Sun, Dec 08, 2019 - Page 16 News List

Can water shares help to save California aquifers?

By Carey L. Biron  /  Thomson Reuters Foundation, WASHINGTON

California is by far the US’ most populous state, as well as its largest agricultural producer. Increasingly, it is also one of the country’s most parched places.

However, Edgar Terry, a fourth-generation farmer in Ventura County, just outside of Los Angeles, thinks that he has a key to reversing worsening water stress: establishing tradeable rights to shares of fast-depleting groundwater aquifers.

Doing so would turn aquifer water into a more valuable asset that could be traded on a market, similar to “cap-and-trade” systems that have been set up to regulate air pollution, conserve fisheries and manage other common resources.

Such a system would put a price on what has essentially been a free resource and create a powerful incentive to use it more sparingly, backers have said.

“If you can buy and sell stocks, why not trade water? It’s an asset, we can’t live without it and I can’t grow without it,” Terry told the Thomson Reuters Foundation by telephone. “When you assign something a value, you tend to take care of it much more.”

A local initiative spurred by Terry’s idea — the Fox Canyon groundwater market — is to become the first such system created under landmark state water legislation passed in 2014. It is set to start formally trading next month.

At first the market would be open only to farmers within a single groundwater basin, but eventually it could extend to towns and cities and throughout the three areas that drain into the Fox Canyon aquifer.

Under the market, participants would receive long-term shares to draw from the aquifer based on previous pumping needs and monitored by cutting-edge meters that gauge their use in almost real time.

US water regulations have long focused almost exclusively on surface water — rivers, streams and lakes — rather than groundwater.

Out of view, groundwater has tended to flow under the public radar as well, water experts said.

However, as pressures on water supplies from climate change and rapid urbanization grow, along with data showing that groundwater aquifers are quickly being depleted across the globe, that has begun to change.

The Fox Canyon project is the tip of a burgeoning public discussion in California, after the state in 2014 mandated that water districts be sustainable by 2040.

Initial plans to ensure that sustainability are due by next month.

Previously, the state was one of the most unregulated in the parched US west on groundwater, University of Nebraska associate professor of agricultural economics Karina Schoengold said.

While water markets are just one potential strategy for conservation, they are receiving major interest across the state — and that in turn is drawing attention nationally, she said.

“It’s a big change that could really drive changes in how we think about managing groundwater,” Schoengold said.

Effective groundwater markets are complicated to set up and Schoengold estimated that fewer than 10 “true” systems exist in the US or abroad.

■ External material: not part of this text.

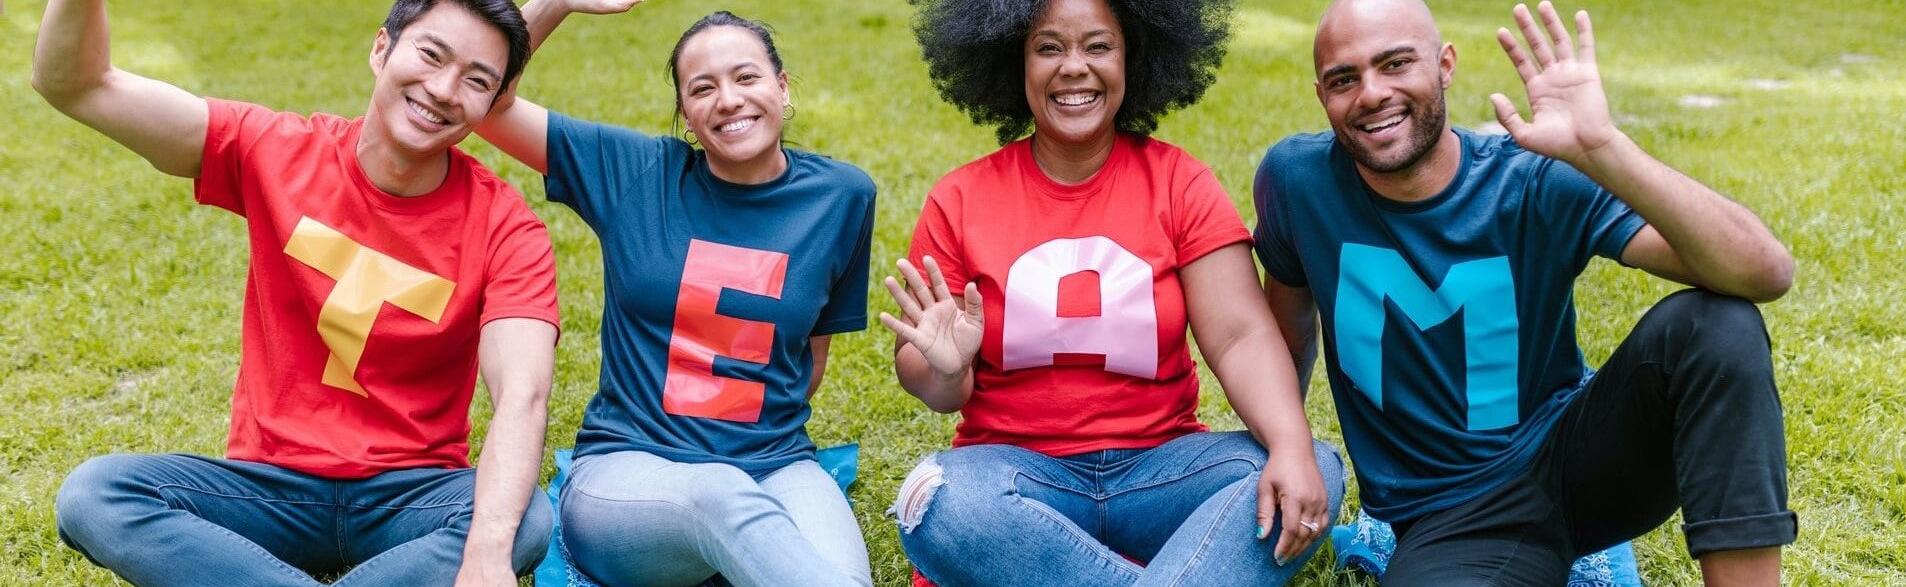 Two Men and two women sitting on the grass outdoors smiling and wearing T-shirts that spell out team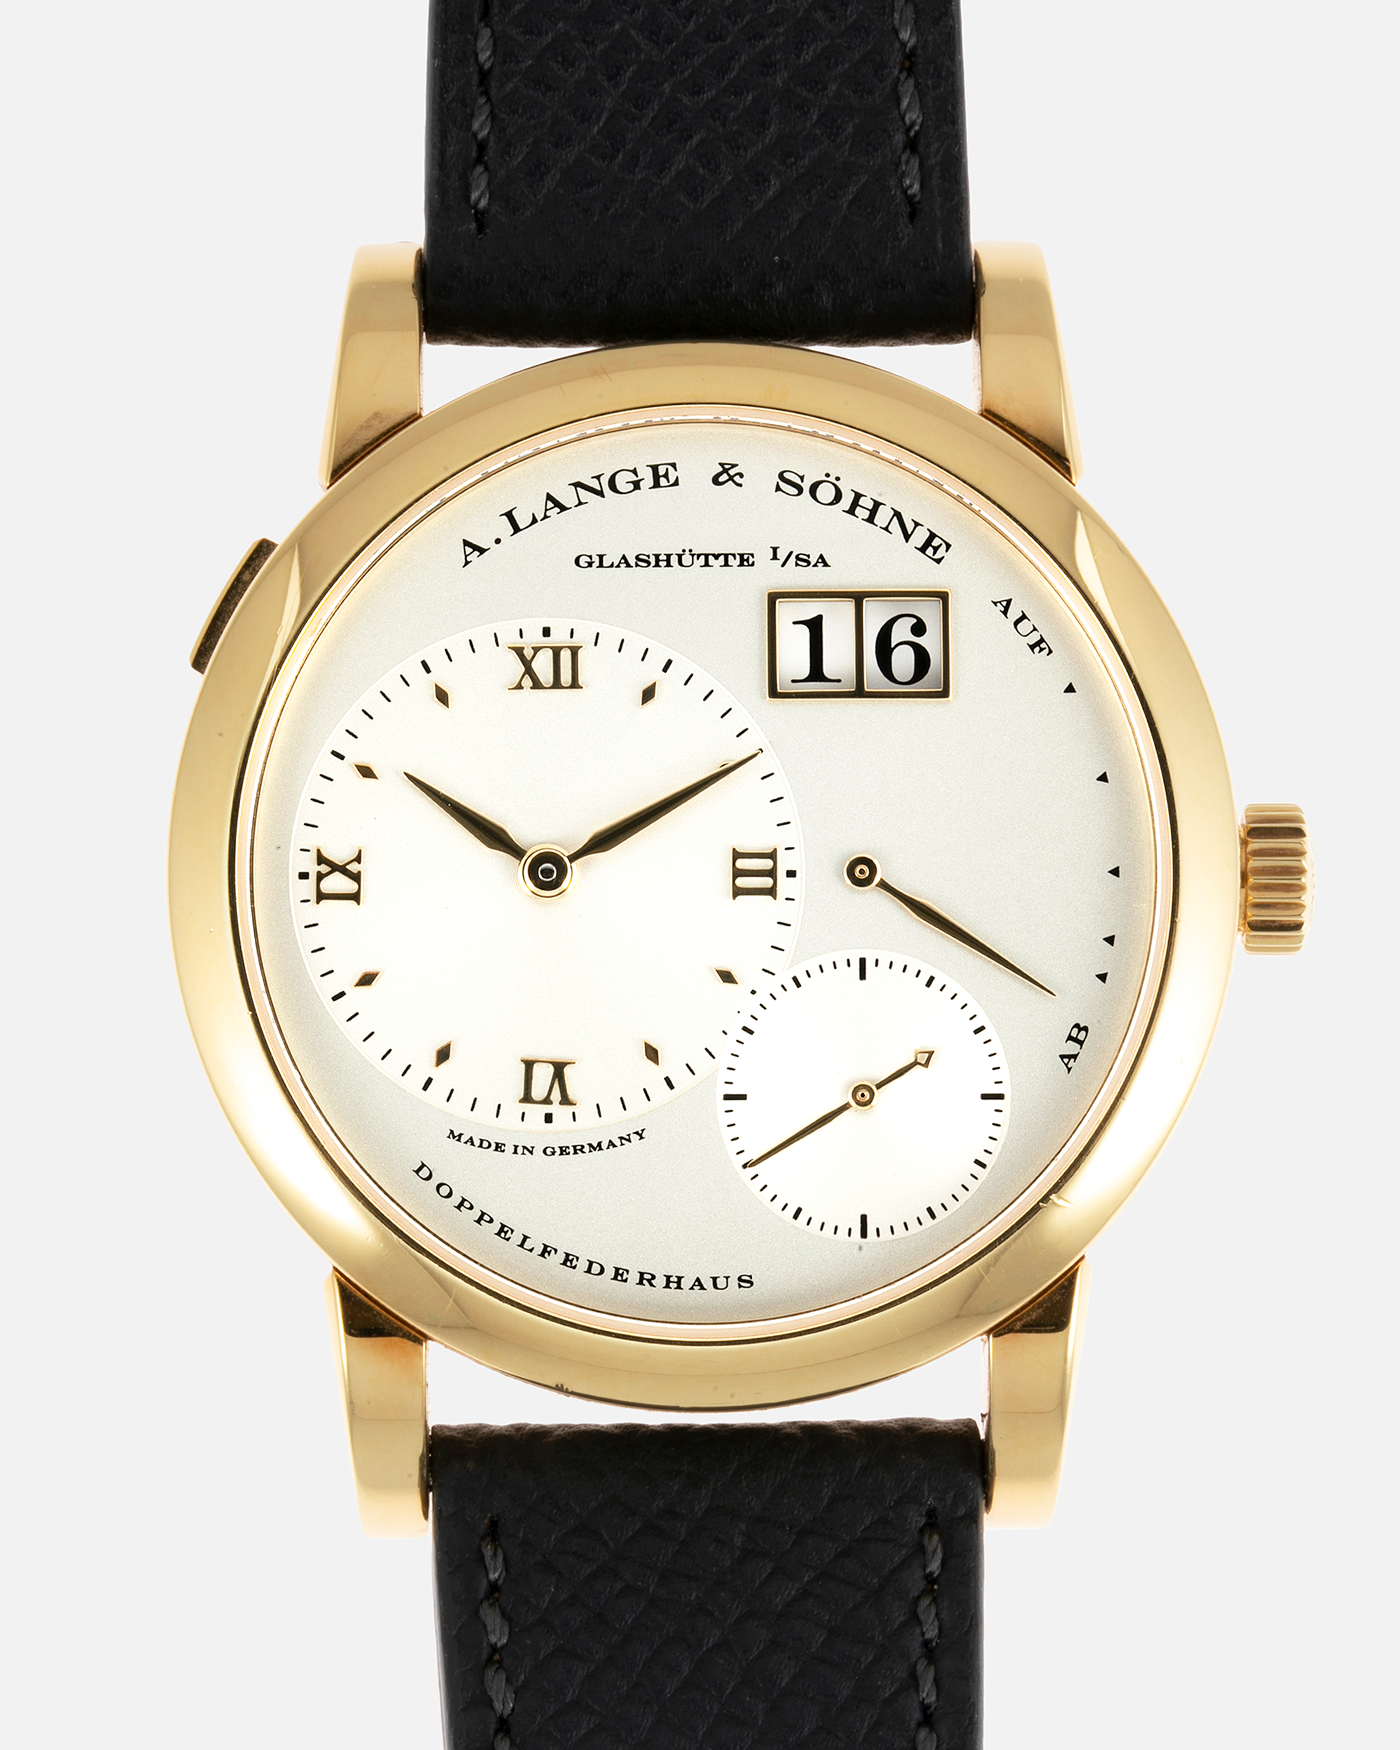 Brand: A. Lange & Söhne Year: 2000’s Model: Lange 1 Reference Number: 101.027 Material: 18-carat Yellow Gold Movement: Cal. L901.0, Manual-Winding Case Diameter: 38.5mm Bracelet/Strap: Molequin Anthracite Textured Calf Strap and A. Lange & Sohne Black Alligator Strap with 18k Yellow Gold Tang Buckle

However, technological advances and other changes mean they are increasingly feasible and “are going to becoming really important in the future,” she said.

One primary obstacle remains skepticism of the fairness of such systems, particularly among agricultural producers keen not to allow outside control over their ability to grow a crop.

“We have to show that this is something that has benefits for the people who are using groundwater, and we’re not at that point everywhere,” she said.